■ Exercise details ■
After locating the line with "boots for women" in the data that follows, return it and every later line exactly, up to and including the line with "aldi nord fliegengitter".

■ Data ■
___

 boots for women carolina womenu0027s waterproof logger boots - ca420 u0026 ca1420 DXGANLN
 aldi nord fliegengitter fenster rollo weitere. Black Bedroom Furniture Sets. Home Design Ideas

___

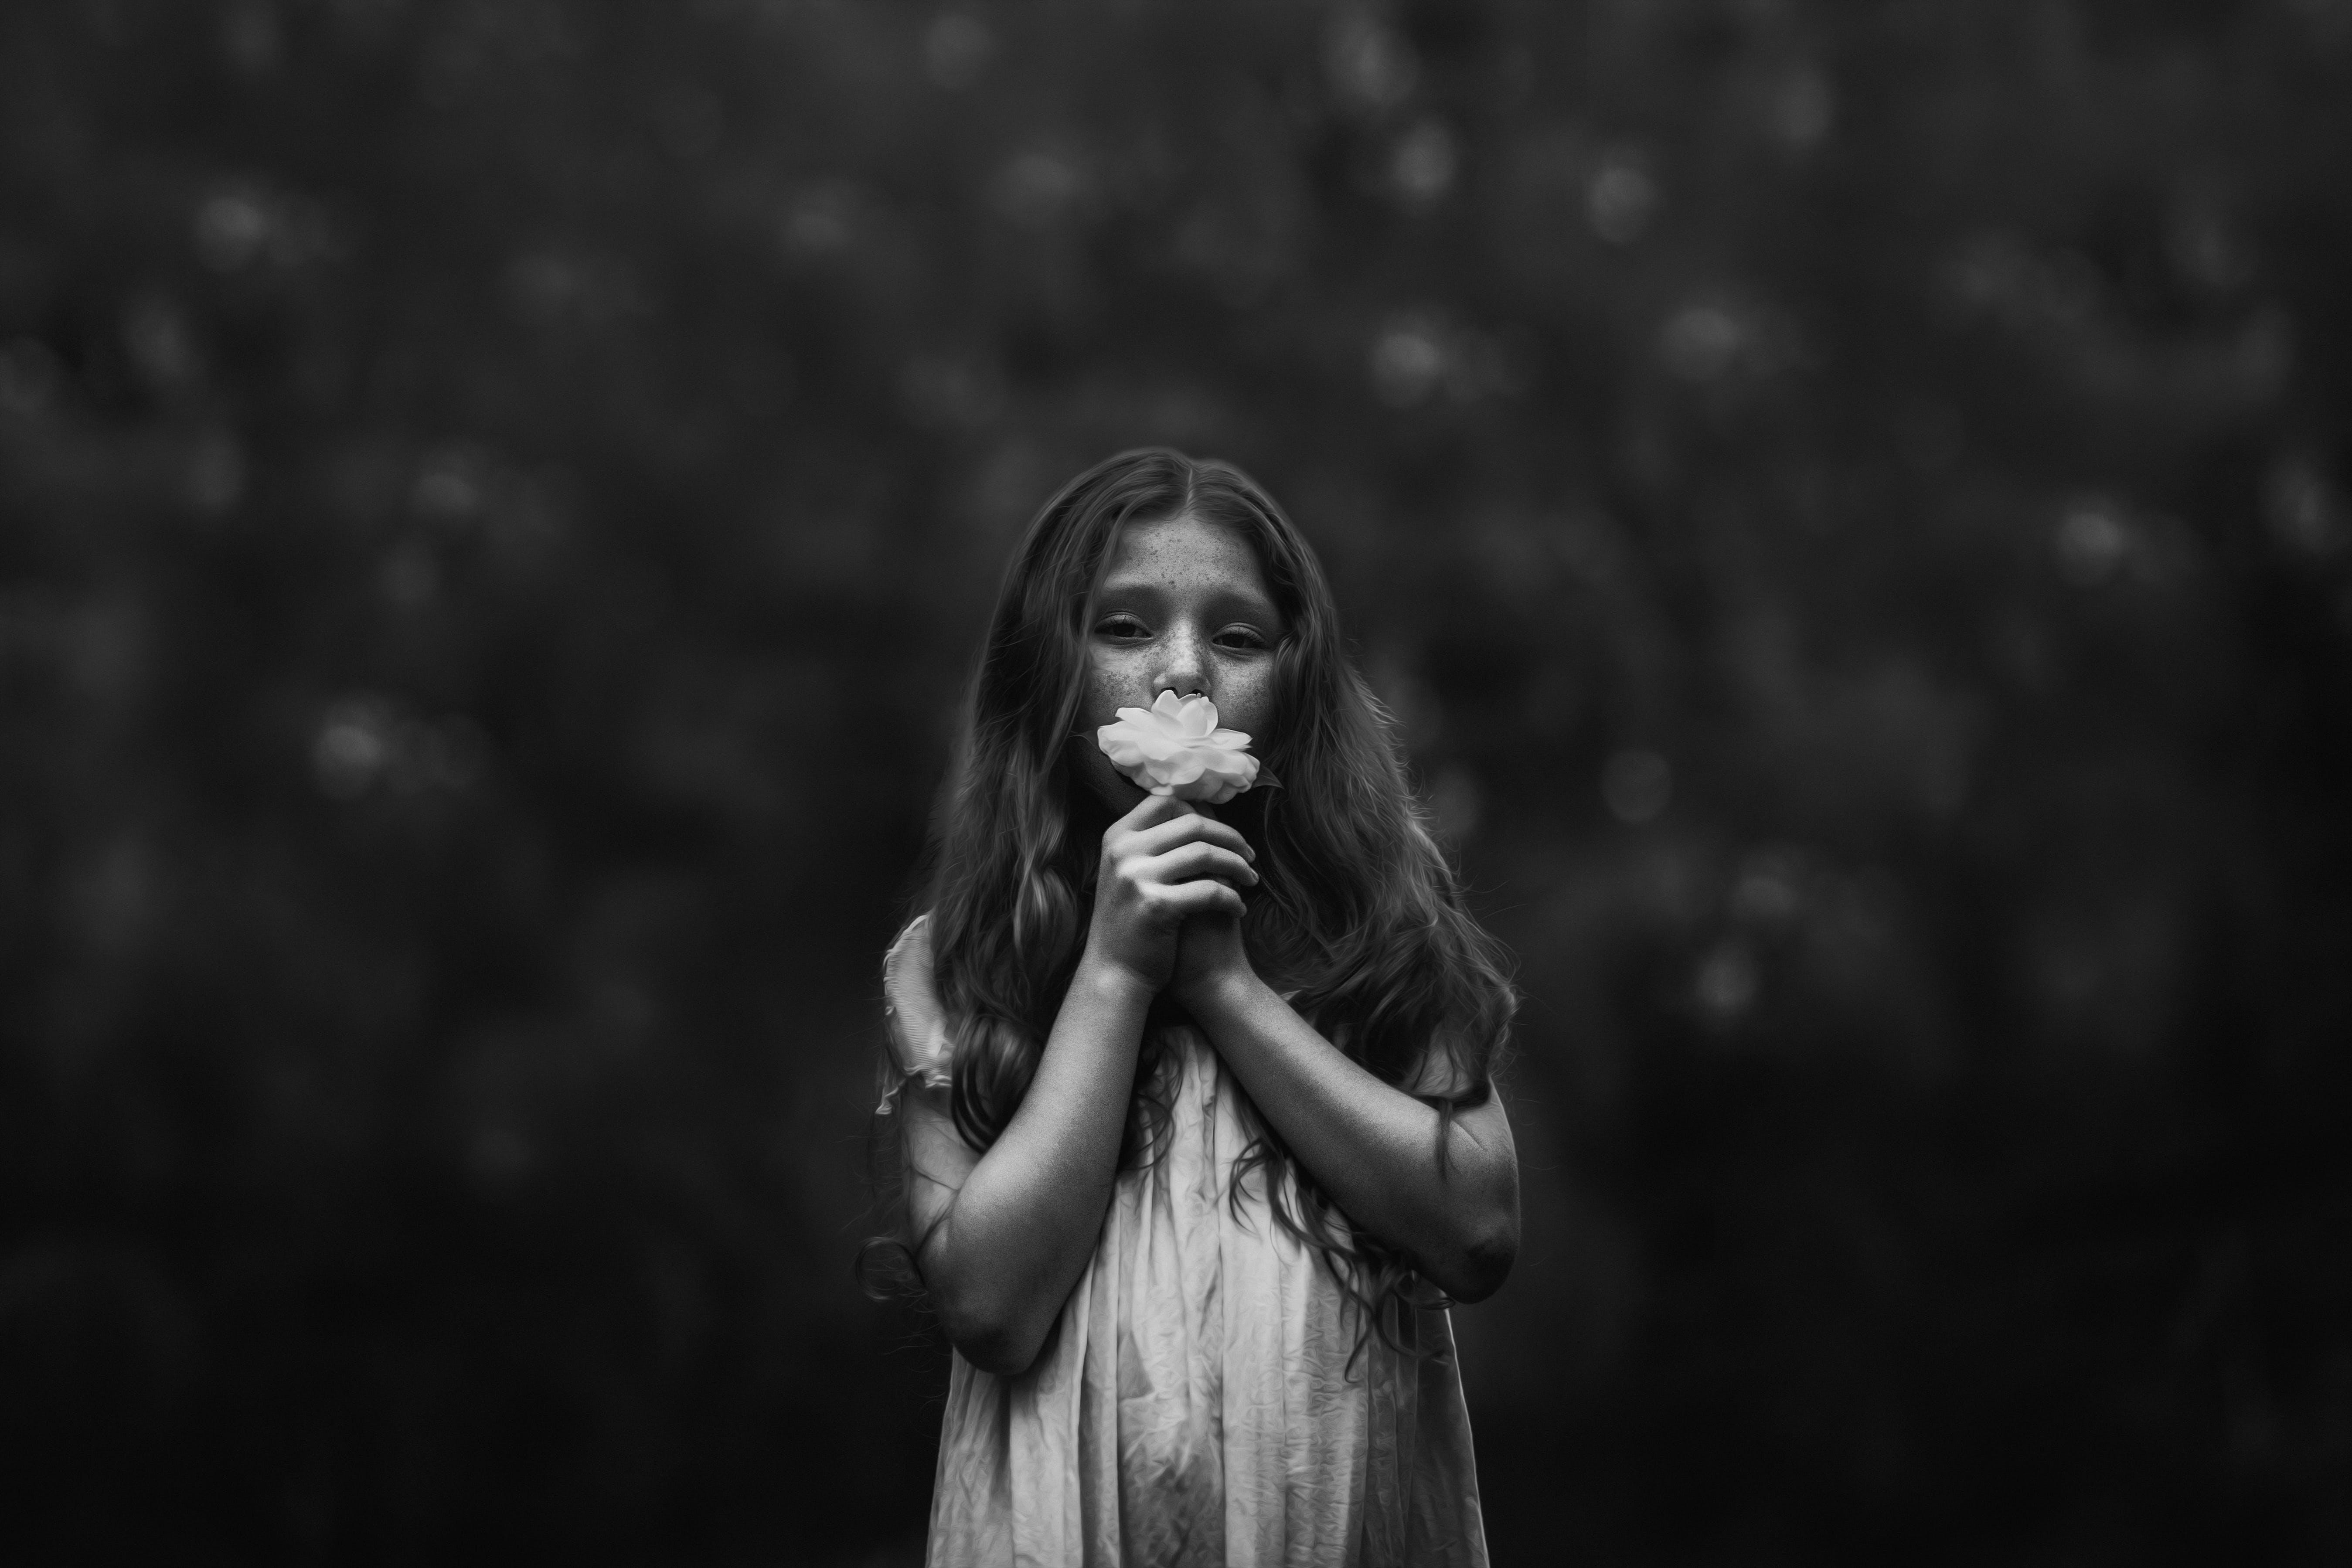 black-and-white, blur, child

___

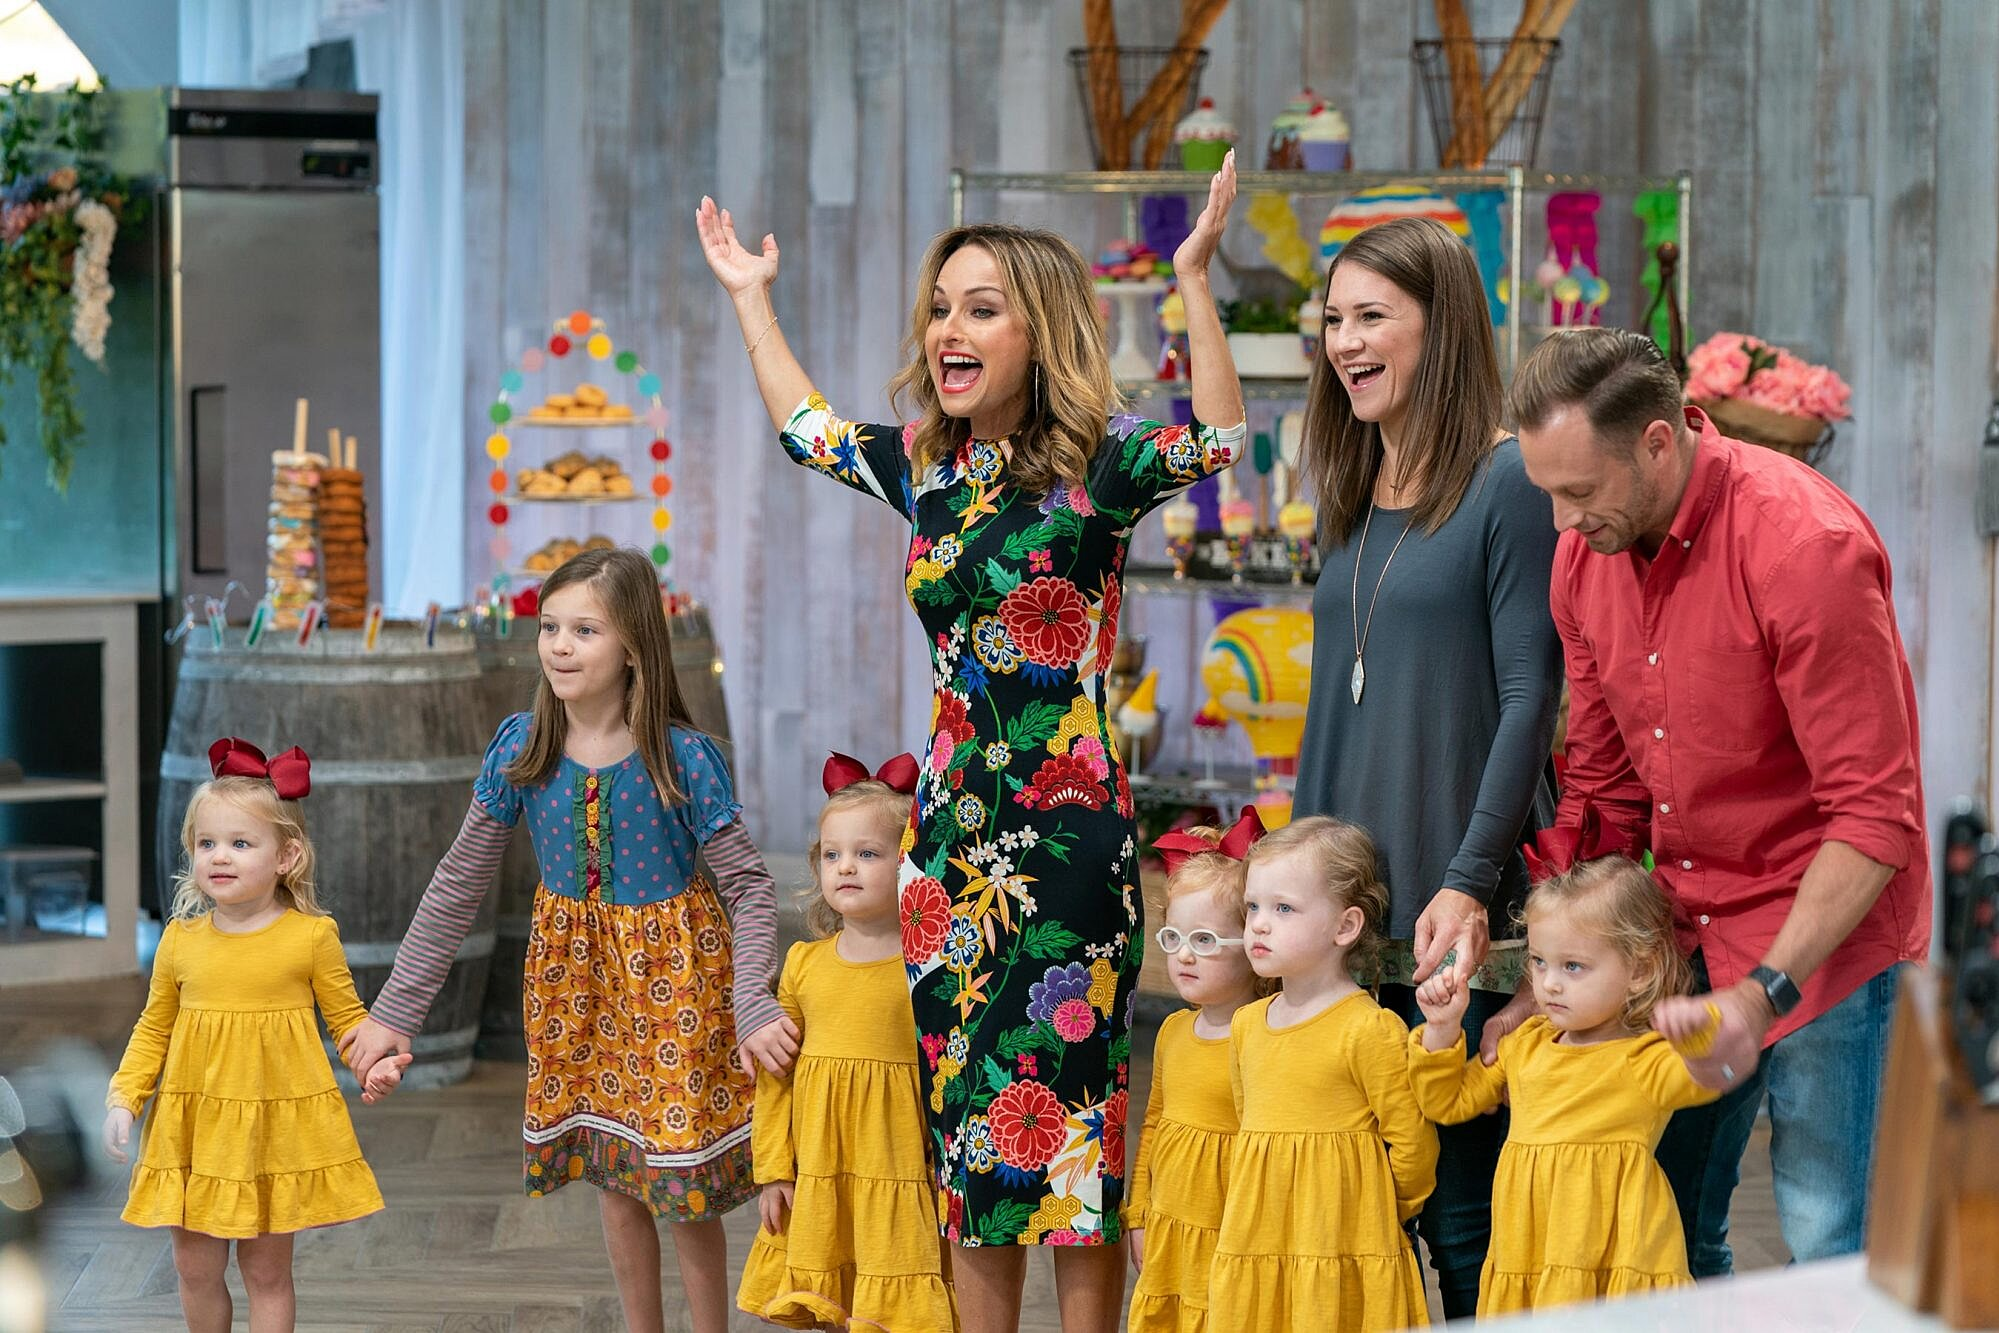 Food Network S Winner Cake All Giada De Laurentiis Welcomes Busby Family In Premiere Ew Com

___

■ Output below ■
 boots for women carolina womenu0027s waterproof logger boots - ca420 u0026 ca1420 DXGANLN
 aldi nord fliegengitter fenster rollo weitere. Black Bedroom Furniture Sets. Home Design Ideas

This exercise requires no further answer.